*Exercise brief*
With the pictures left out, retype exactly the lines below starting at the line that contains "LeBron James 'heartbroken" and ending at the line that contains "Bathroom Suites Ebay".

*Records supplied*
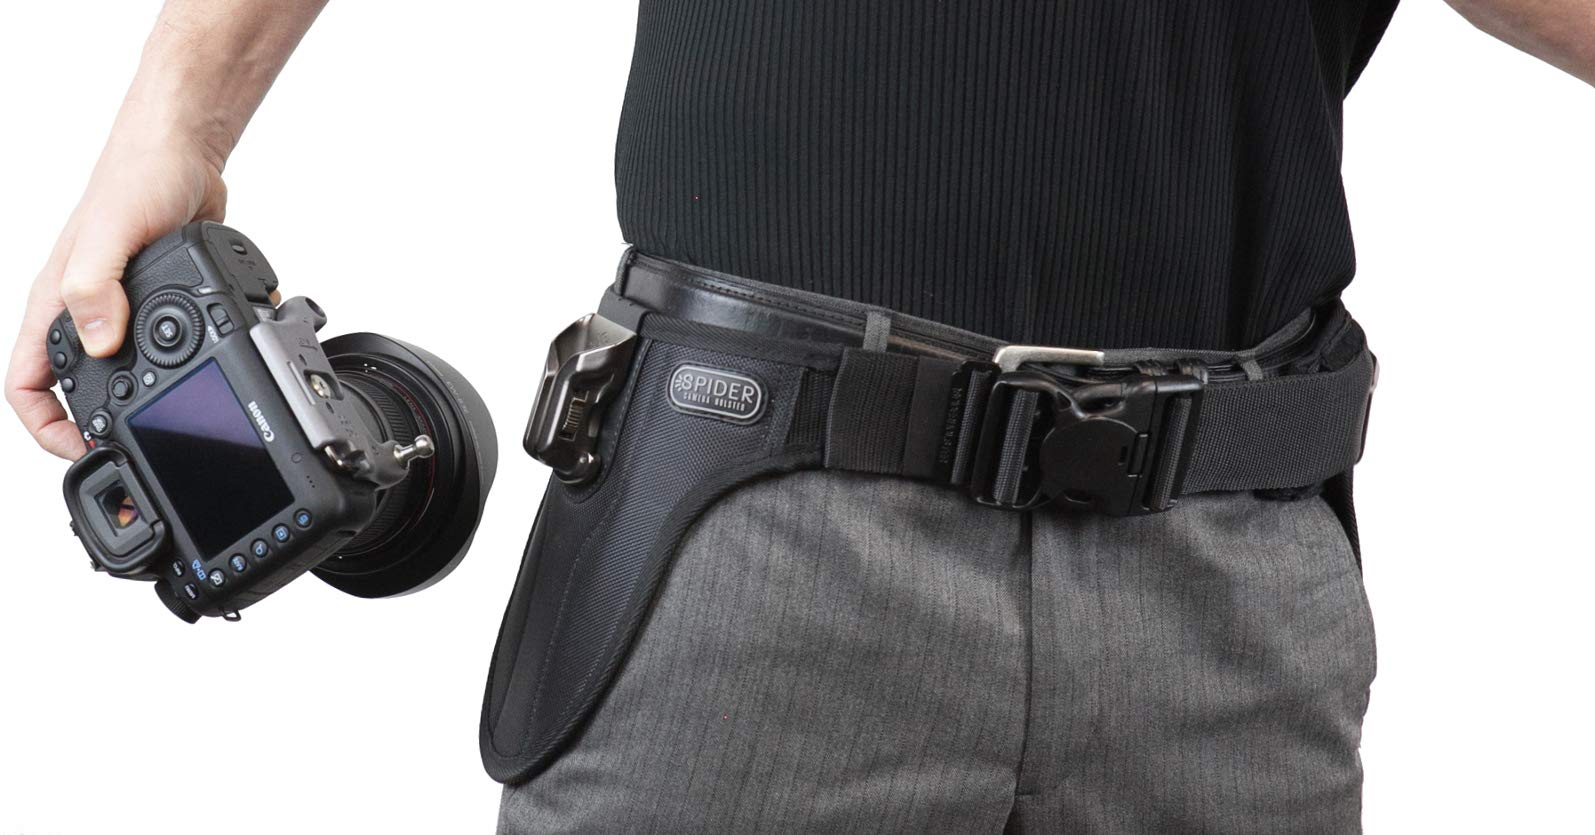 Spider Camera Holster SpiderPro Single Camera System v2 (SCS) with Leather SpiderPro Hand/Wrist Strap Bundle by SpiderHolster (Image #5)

--

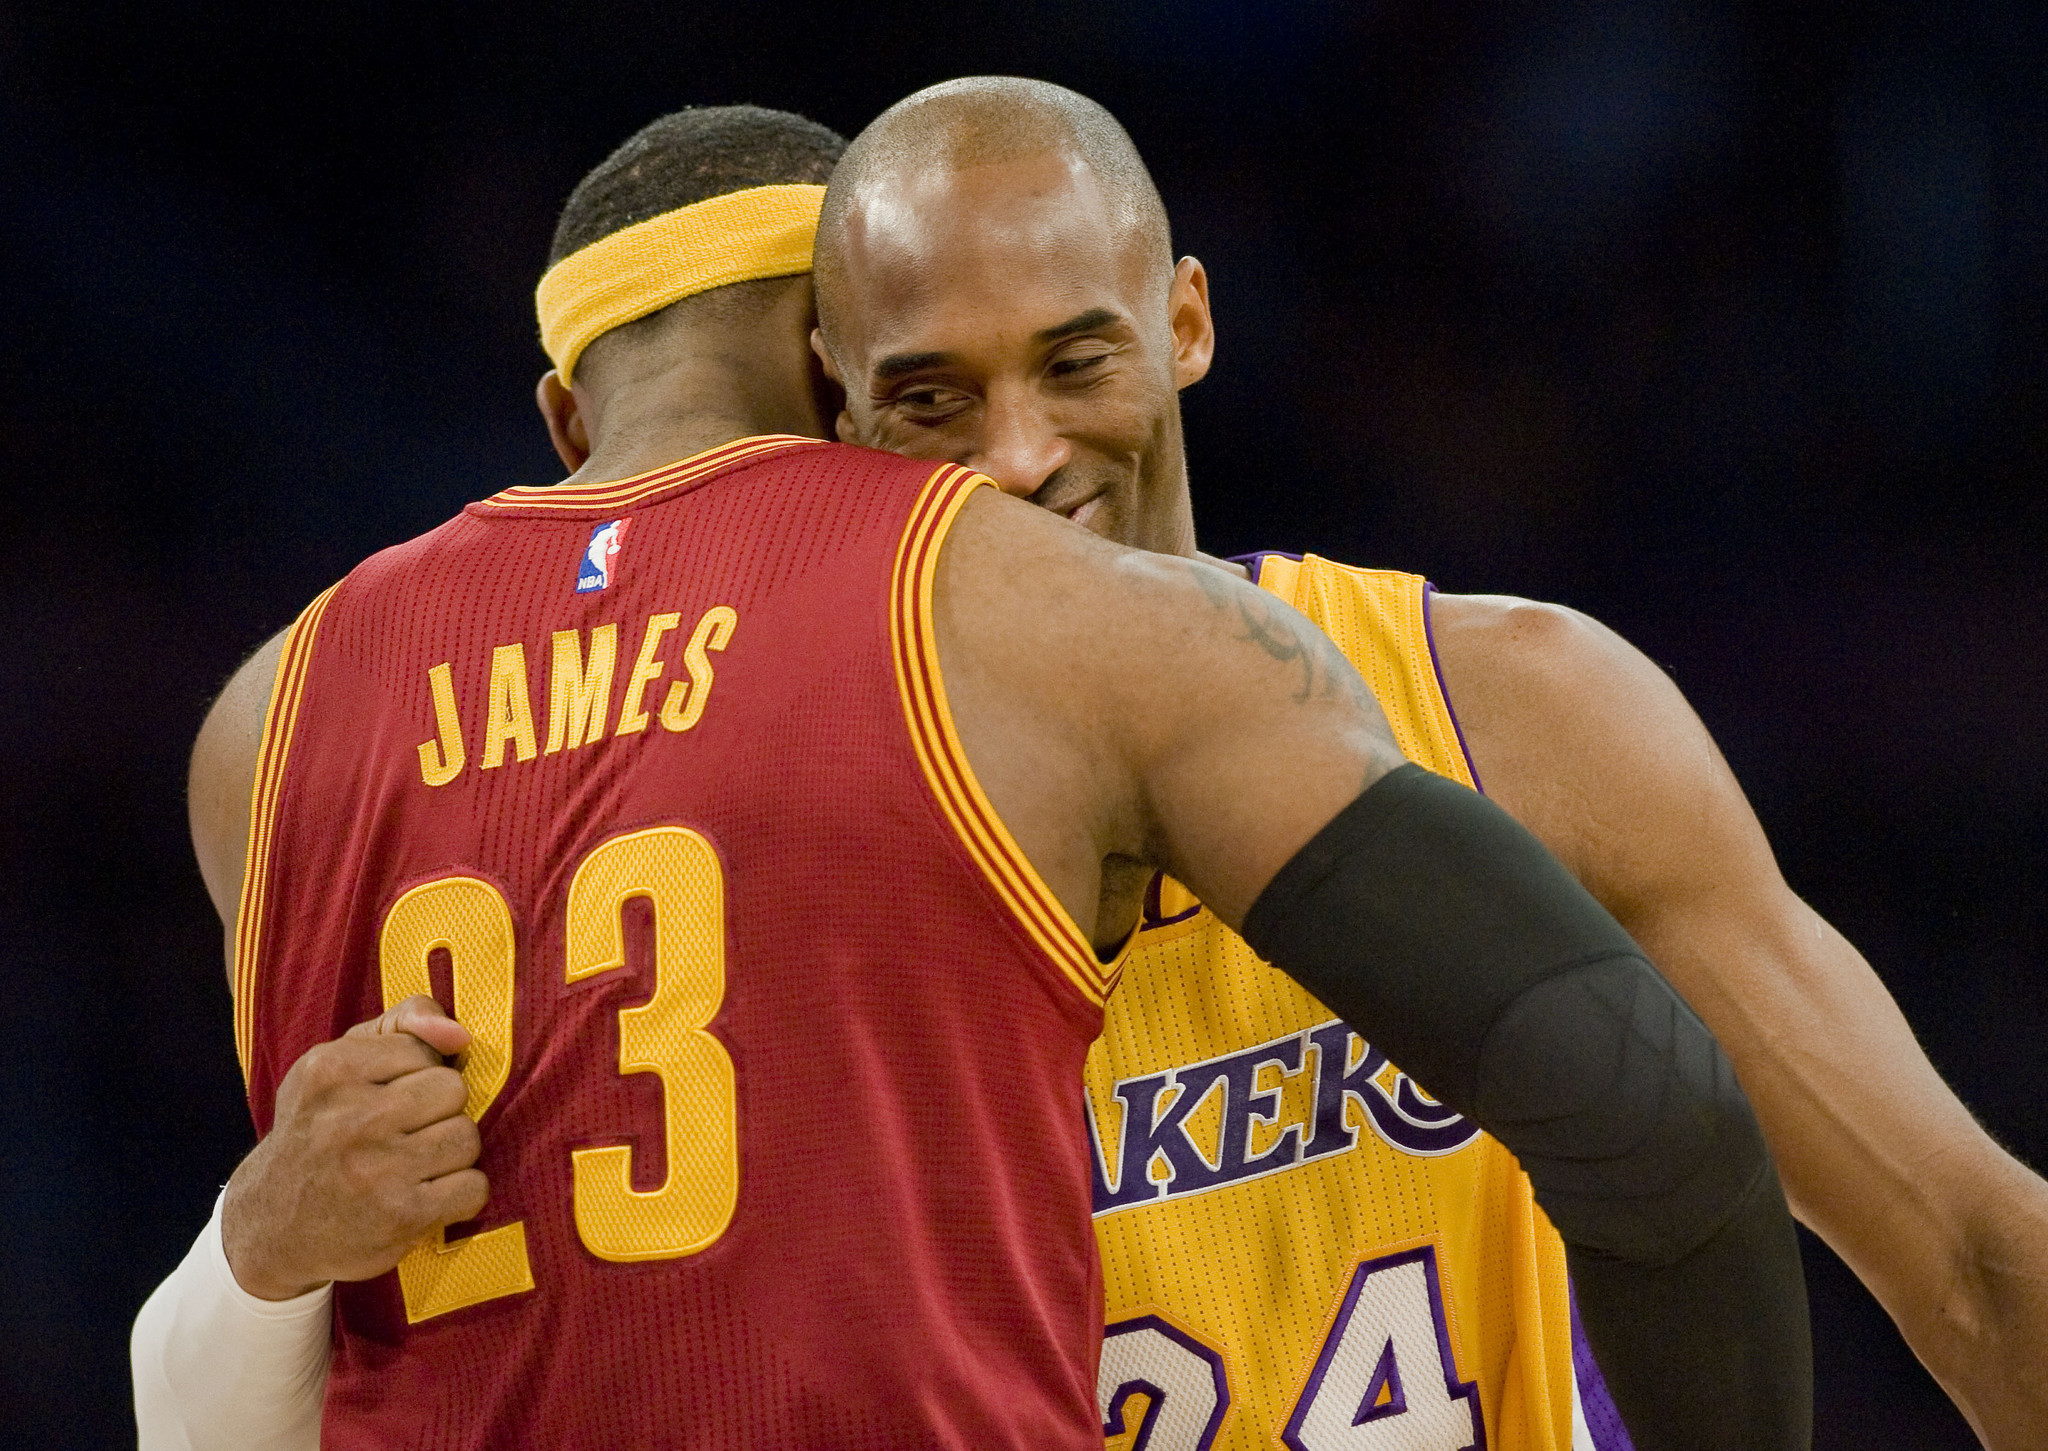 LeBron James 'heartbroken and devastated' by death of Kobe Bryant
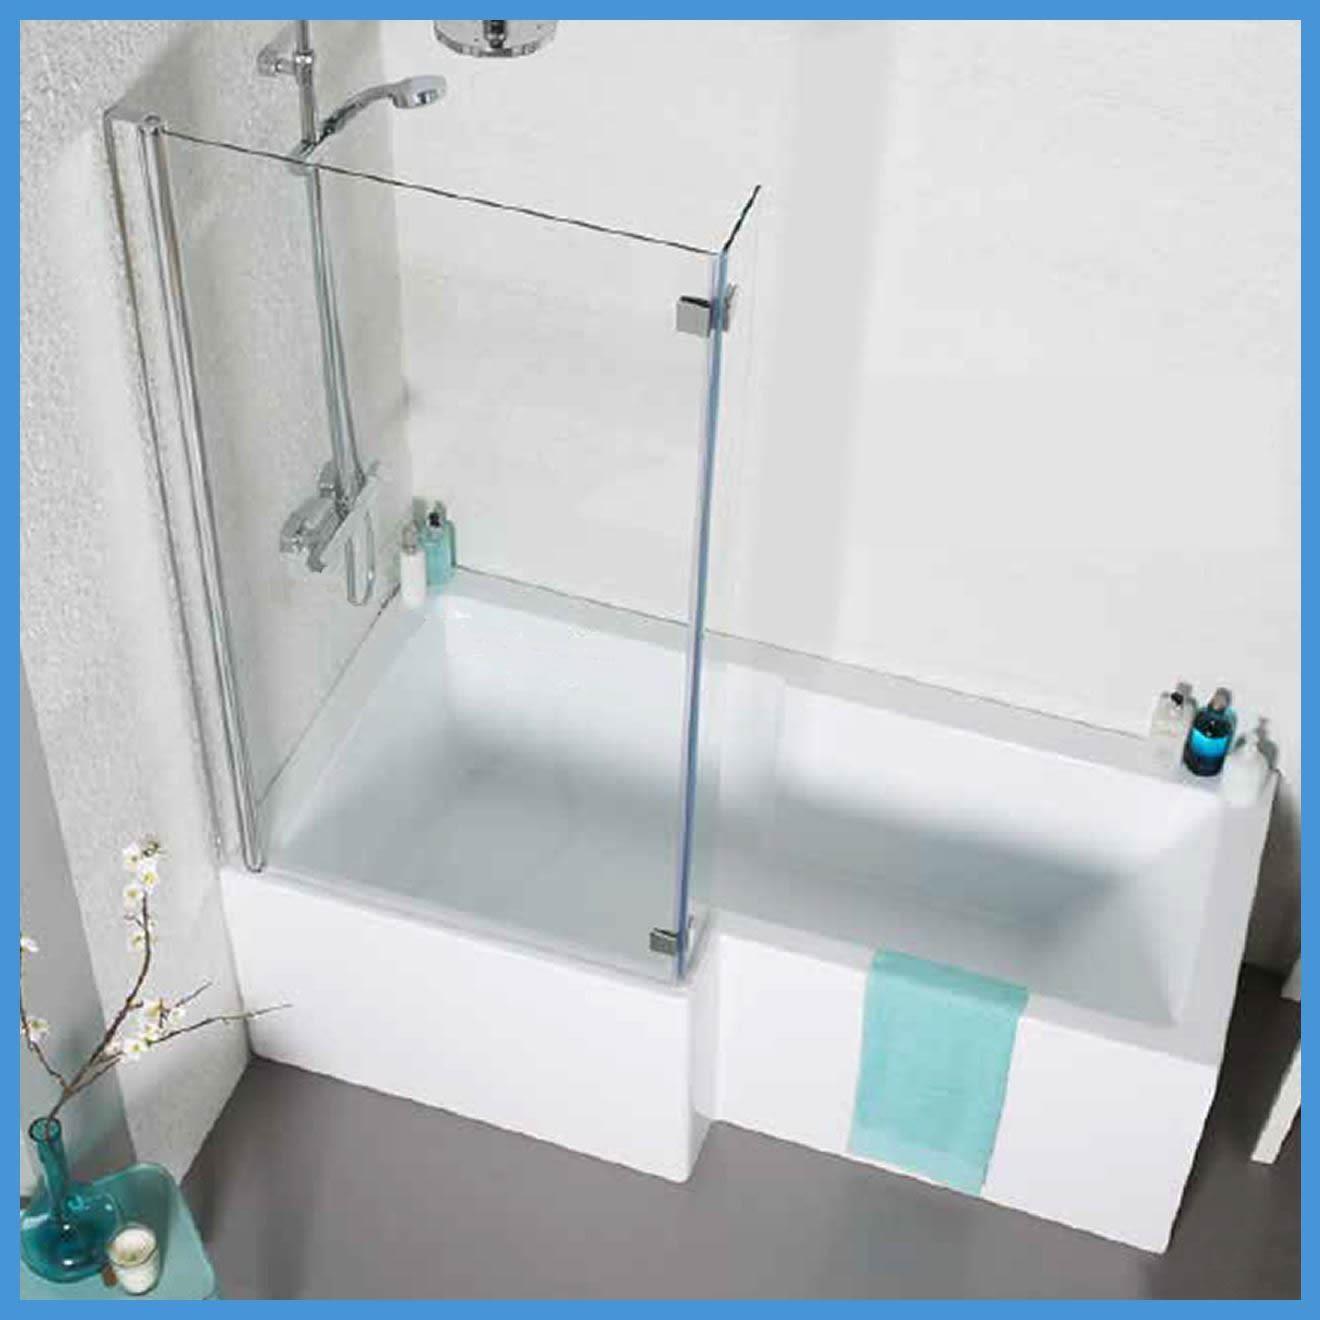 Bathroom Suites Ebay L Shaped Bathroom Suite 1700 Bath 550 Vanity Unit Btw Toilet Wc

*Exercise output*
 LeBron James 'heartbroken and devastated' by death of Kobe Bryant
 Bathroom Suites Ebay L Shaped Bathroom Suite 1700 Bath 550 Vanity Unit Btw Toilet Wc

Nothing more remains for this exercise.